▶ _Exercise instructions_: Only the lines from the one containing "Adam Segrest of" through the final line below belong in the output, copied exactly and without pictures.

▶ _Information provided_:

# # # # # # #

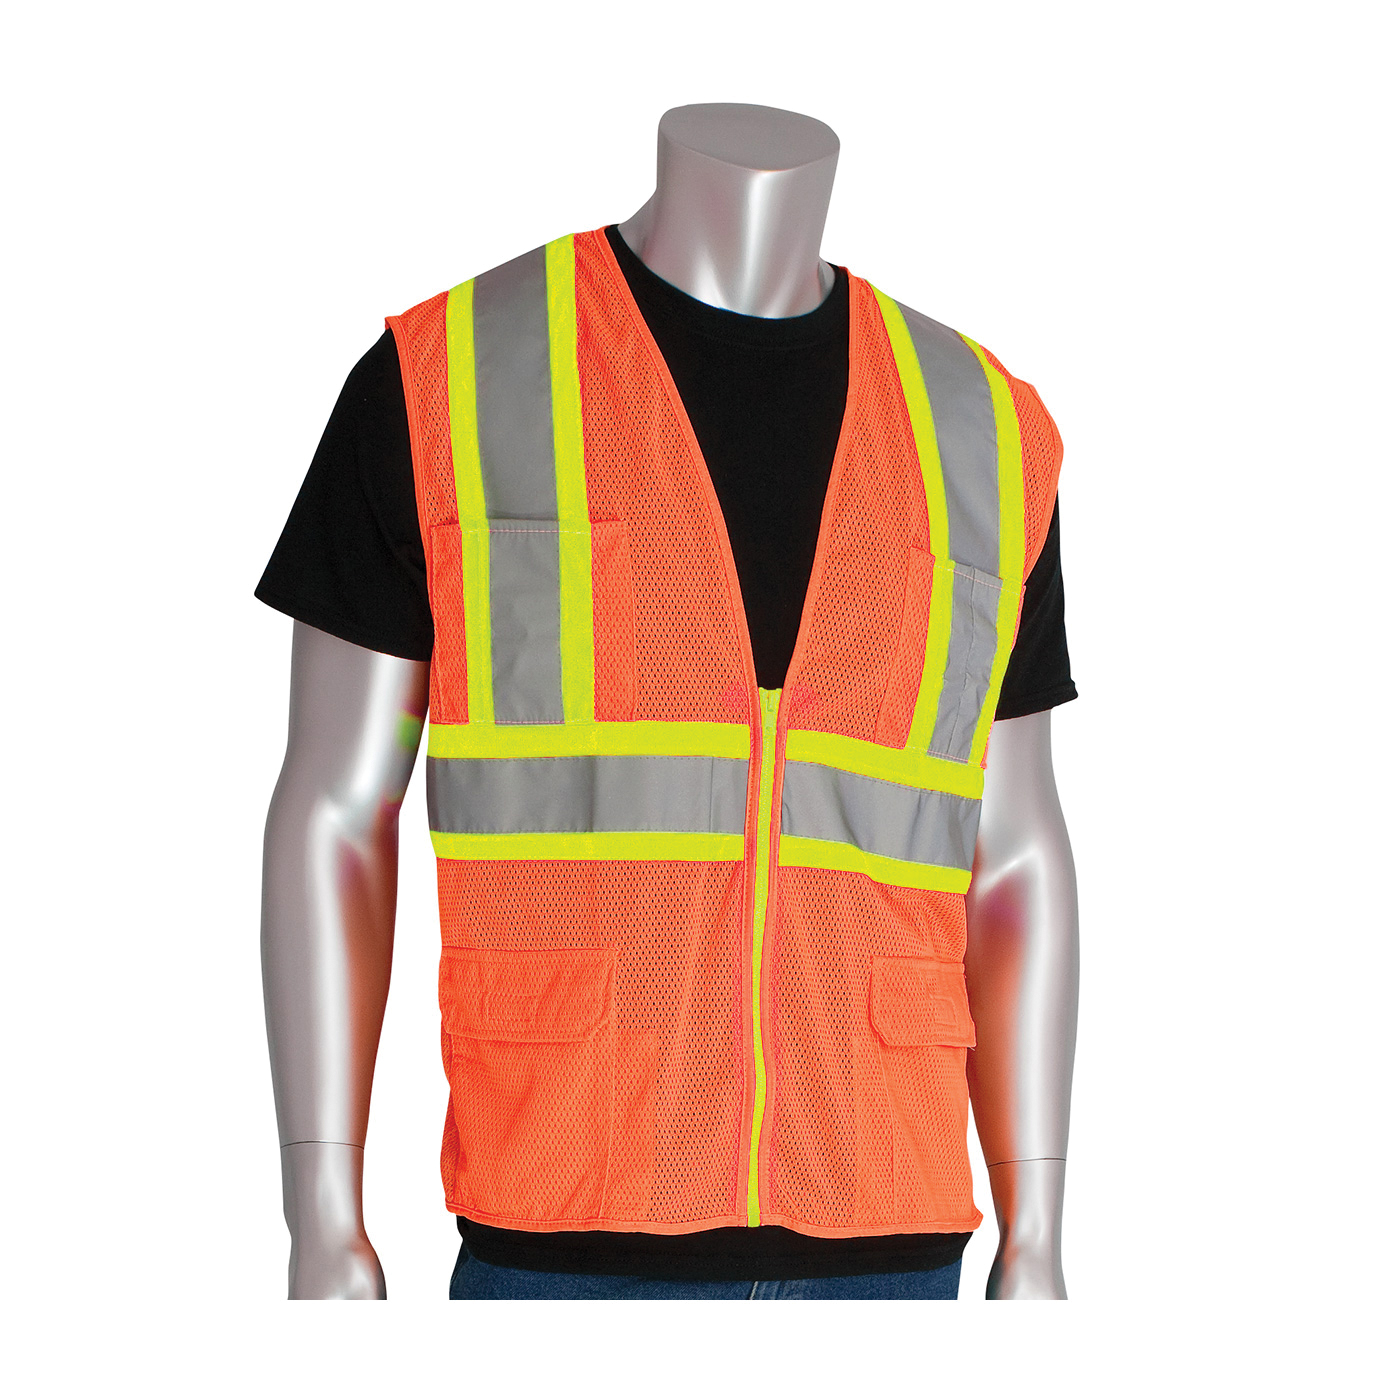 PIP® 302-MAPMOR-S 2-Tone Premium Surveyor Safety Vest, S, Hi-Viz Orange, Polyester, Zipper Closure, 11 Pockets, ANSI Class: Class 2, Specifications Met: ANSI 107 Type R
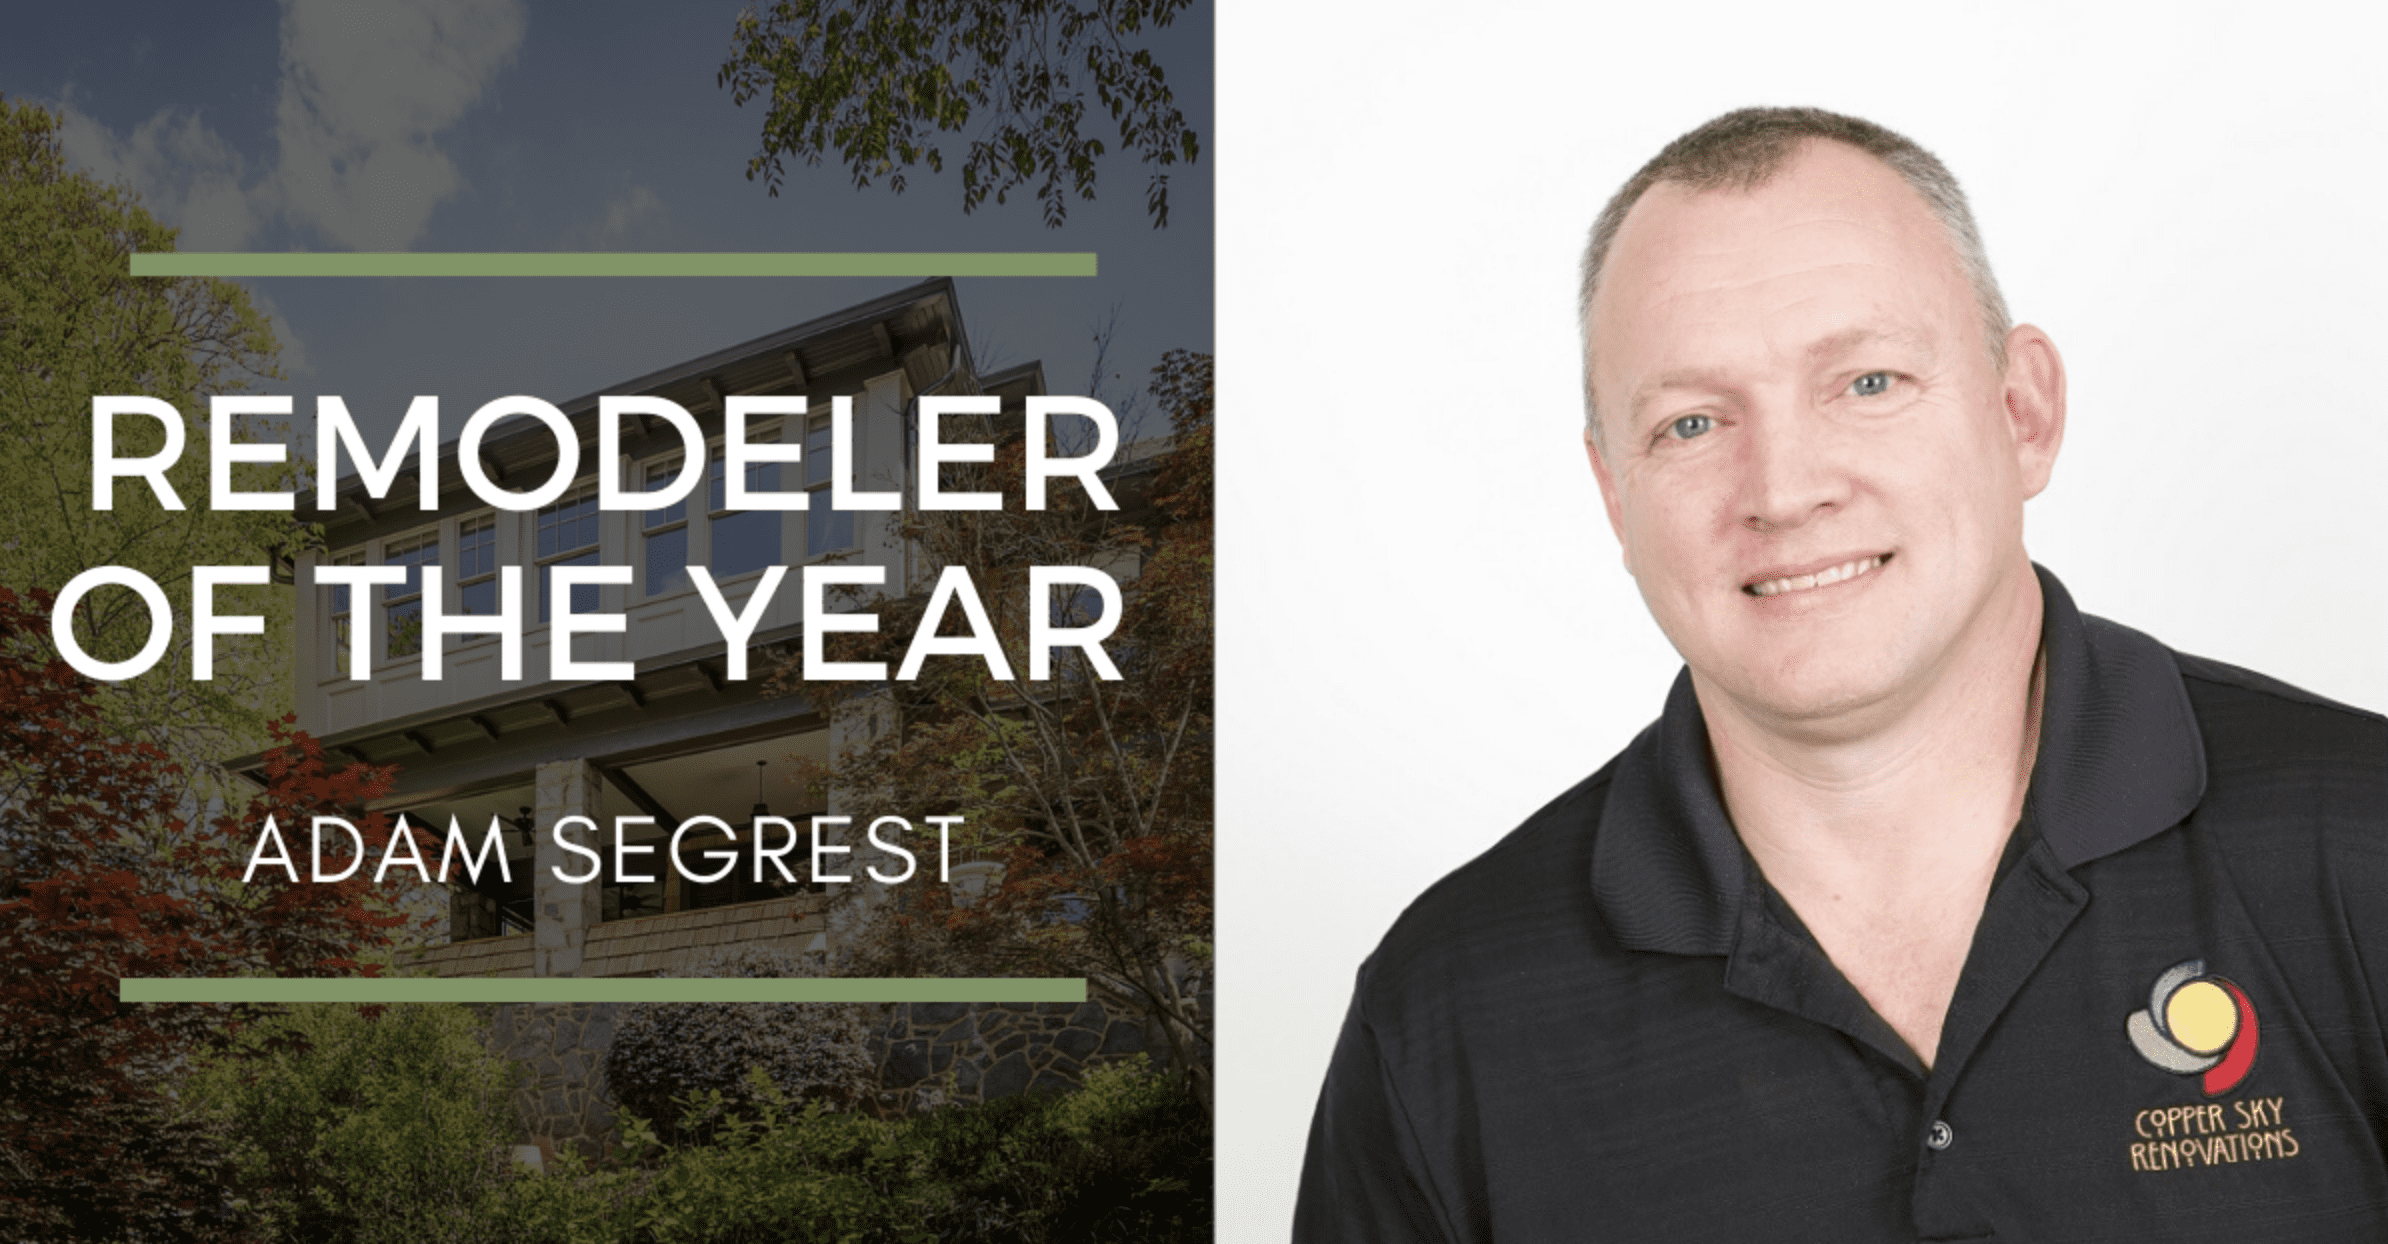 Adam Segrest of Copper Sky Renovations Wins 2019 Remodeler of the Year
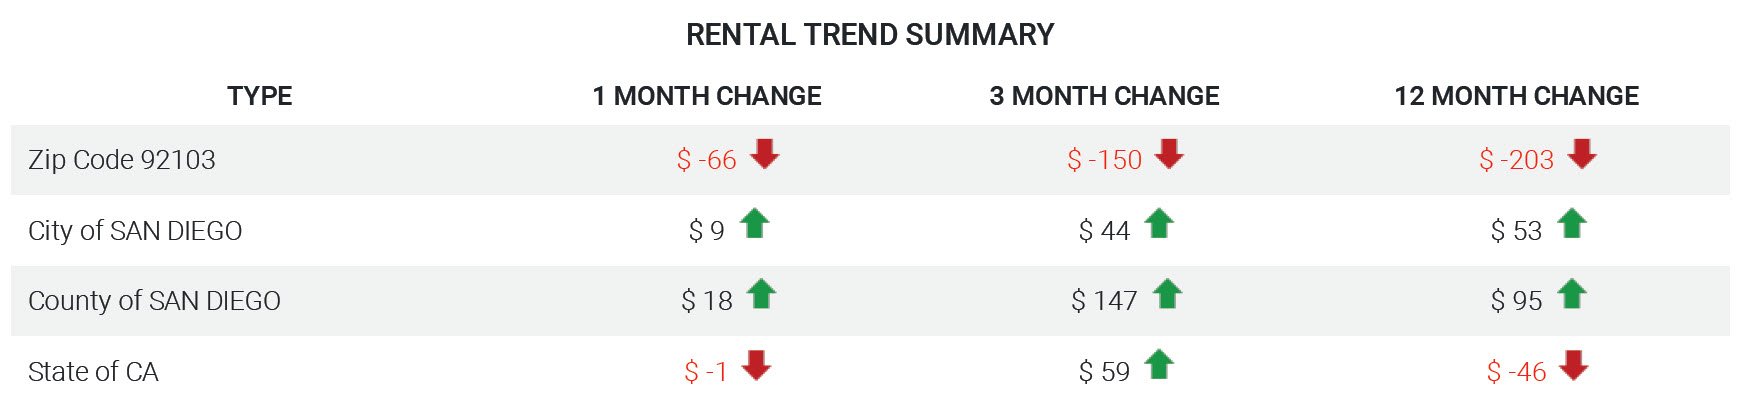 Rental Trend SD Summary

# # # # # # #

▶ _Result for this task_:
 Adam Segrest of Copper Sky Renovations Wins 2019 Remodeler of the Year
 Rental Trend SD Summary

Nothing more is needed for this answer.